If ppc_rtas() is called with args.nargs == 16 and args.nret == 0, args.rets
is set to point to &args.args[16], which is beyond the end of the args.args
array. This results in a minor read overrun of the array when we check the
first return code (which, per PAPR, is a required output of all RTAS calls)
to see if there's been a hardware error.

Change the nargs/nret check to ensure nargs is <= 15, allowing room for the
status code.
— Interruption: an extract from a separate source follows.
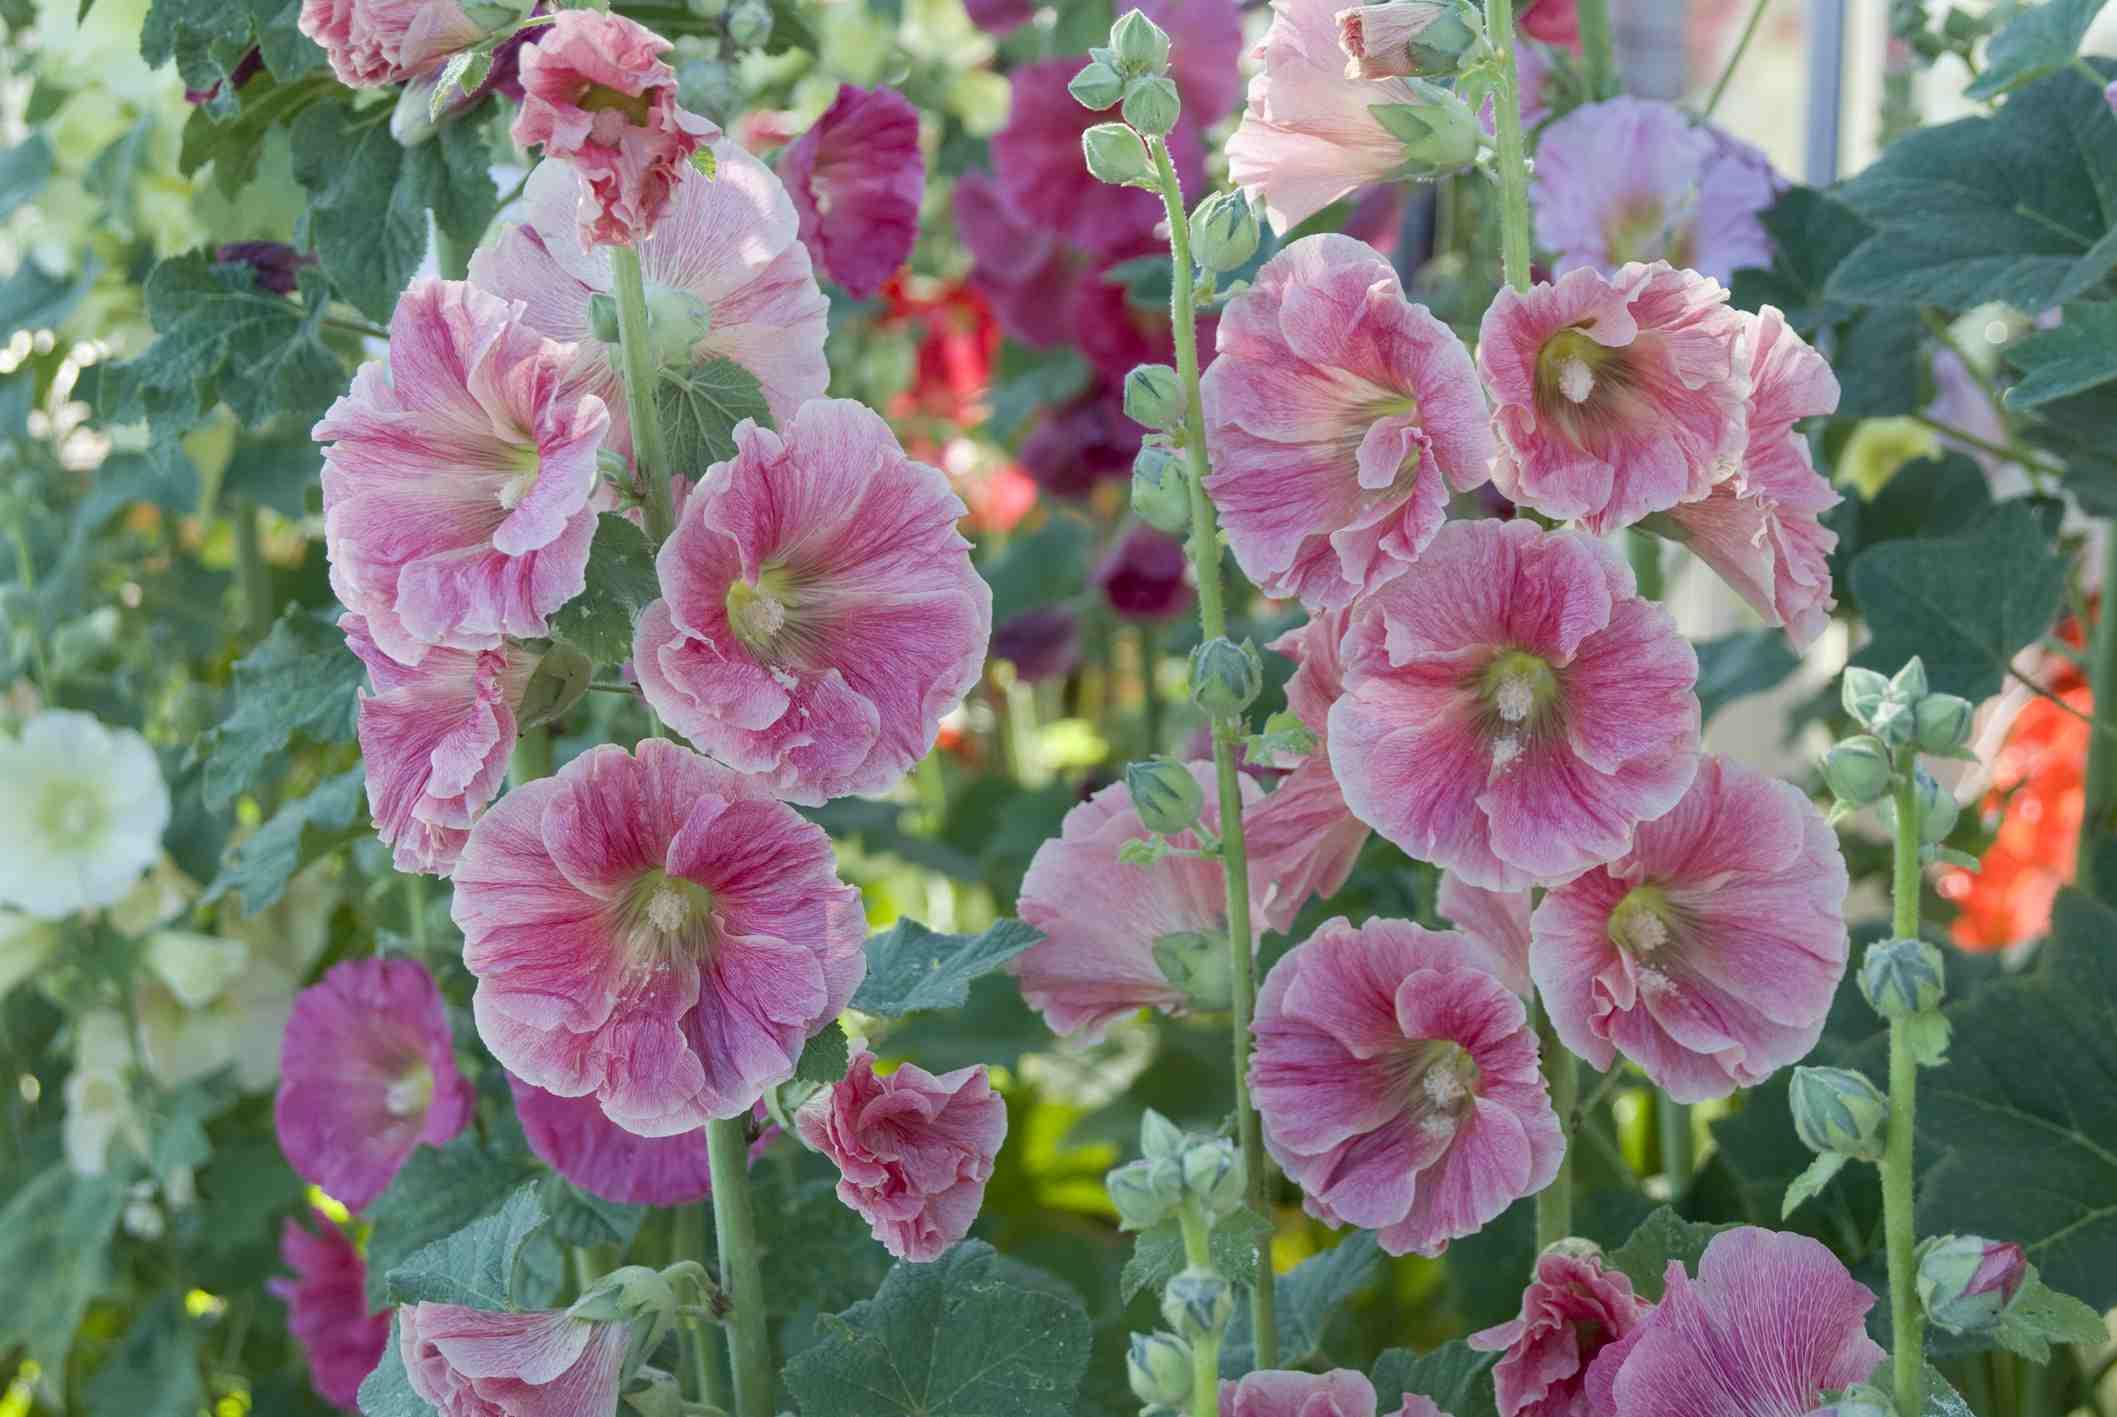 Pink hollyhocks in bloom.

Users shouldn't be calling with nret == 0, but there's no real
harm if they do, so we don't stop them.

Signed-off-by: Andrew Donnellan <andrew.donnel...@au1.ibm.com>

---

Found with the assistance of Coverity Scan.

The dodgy read doesn't currently leak anything at all to userspace, as
args.rets isn't copied back to userspace.
---
 arch/powerpc/kernel/rtas.c | 2 +-
 1 file changed, 1 insertion(+), 1 deletion(-)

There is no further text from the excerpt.